15th Chief Justice of Tasmania
- Incumbent
- Assumed office 20 January 2025
- Nominated by: Jeremy Rockliff
- Governor: Barbara Baker Himself (acting) Caroline Wells
- Preceded by: Alan Blow

Lieutenant-Governor of Tasmania
- Incumbent
- Assumed office 20 January 2025
- Premier: Jeremy Rockliff
- Governor: Barbara Baker Himself (acting) Caroline Wells
- Preceded by: Alan Blow

Governor of Tasmania
- Acting
- In office 15 June 2026 – 17 June 2026
- Premier: Jeremy Rockliff
- Preceded by: Barbara Baker
- Succeeded by: Caroline Wells

Personal details
- Born: 26 September 1960 (age 65) Sydney, New South Wales
- Education: Aquinas College, Perth, University of Western Australia, University of Sydney & University of New South Wales

= Chris Shanahan =

Tasmanian judge (born 1960)

Christopher Patrick Shanahan (born 18 September 1960) is the Chief Justice of the Supreme Court of Tasmania, an office he assumed on 20 January 2025, his appointment as chief justice and as lieutenant-Governor of Tasmania having been announced on 2 December 2024. Before his appointment, his Honour was a Senior Counsel in the State of Western Australia, who accepted briefs primarily in the areas of superior court appeals, equity and administrative law.
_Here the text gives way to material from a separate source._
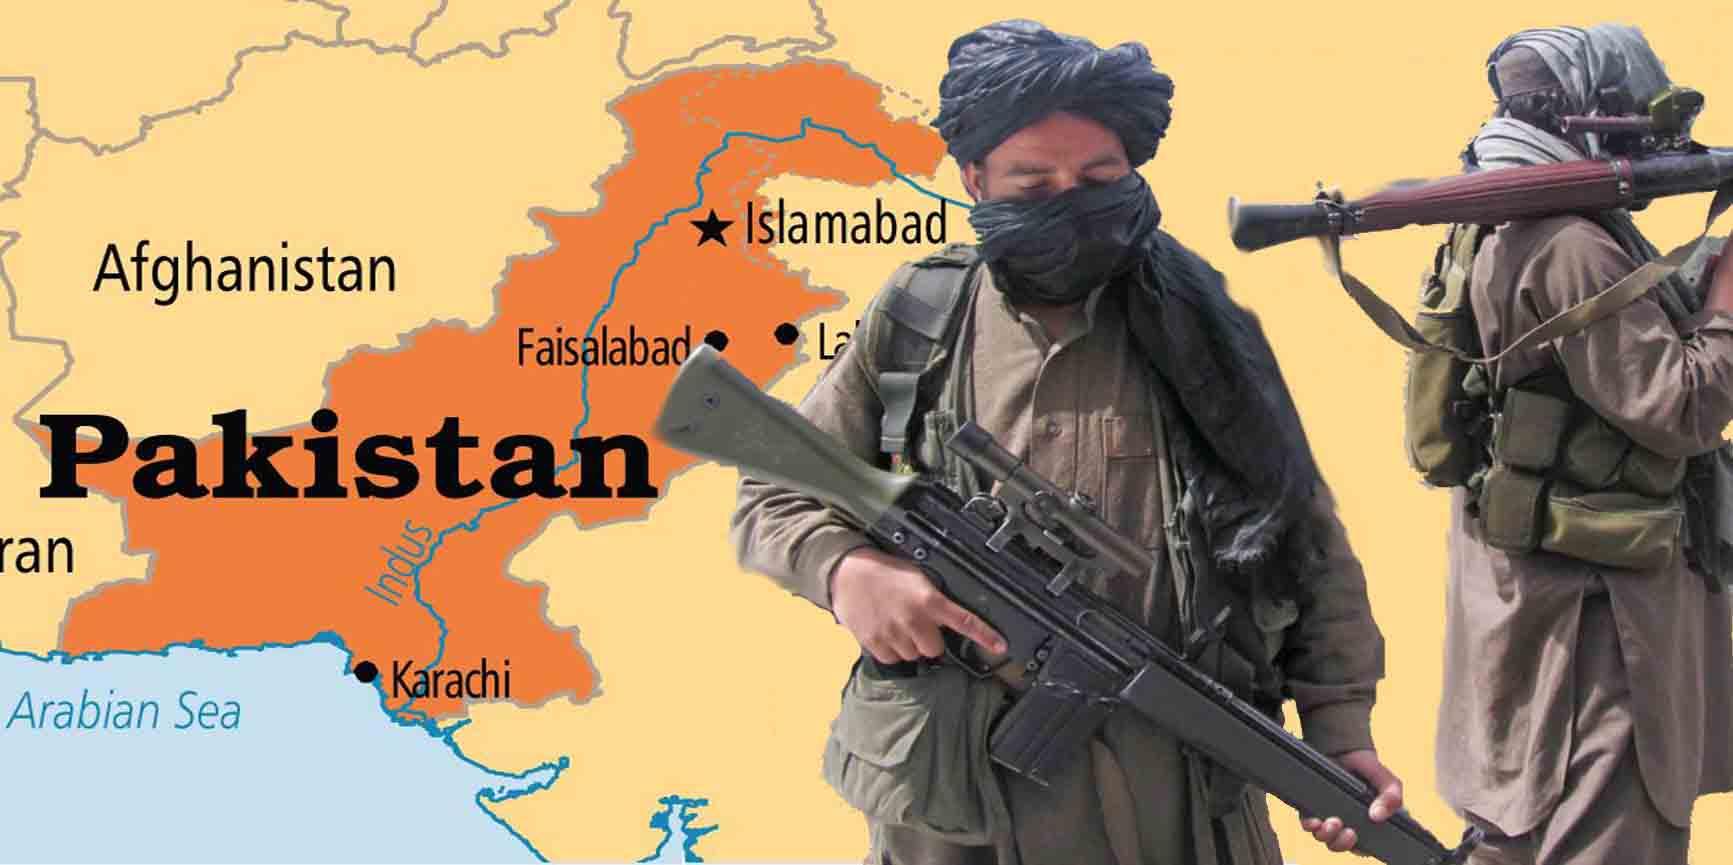 نقش اردوی ملی پاکستان در قتل بزرگان و نخبگان پشتون

== Early life and education ==

He was educated at Aquinas College, Perth, University of Western Australia, University of Sydney and the University of New South Wales. He completed his articles with Jackson MacDonald in 1983. He was admitted to practice in Western Australia in 1984, New South Wales in 1989 and the High Court of Australia in 1990.

== Career ==

From 1990-91 he was a Senior Officer to the Department of Prime Minister and Cabinet. During 1993, he joined the Western Australian Bar Association and continued to work as a barrister. He was responsible for the development of the Bar Readers' Course, which was presented in 2004 by the Western Australian Bar Association.

During his career at the Bar, his Honour taught at Macquarie University in Sydney, lectured at Murdoch University in Perth and in Ethics and Professional Responsibility with the Law Society of Western Australia.

In 2004, he was appointed Senior Counsel in the State of Western Australia. During 2005, he was appointed acting commissioner of the Corruption and Crime Commission in Western Australia.

On 2 December 2024, it was announced that Mr Shanahan would be appointed to the role of Chief Justice of the Supreme Court of Tasmania and he was sworn in to that office, and as lieutenant-governor of Tasmania, on 20 January 2025.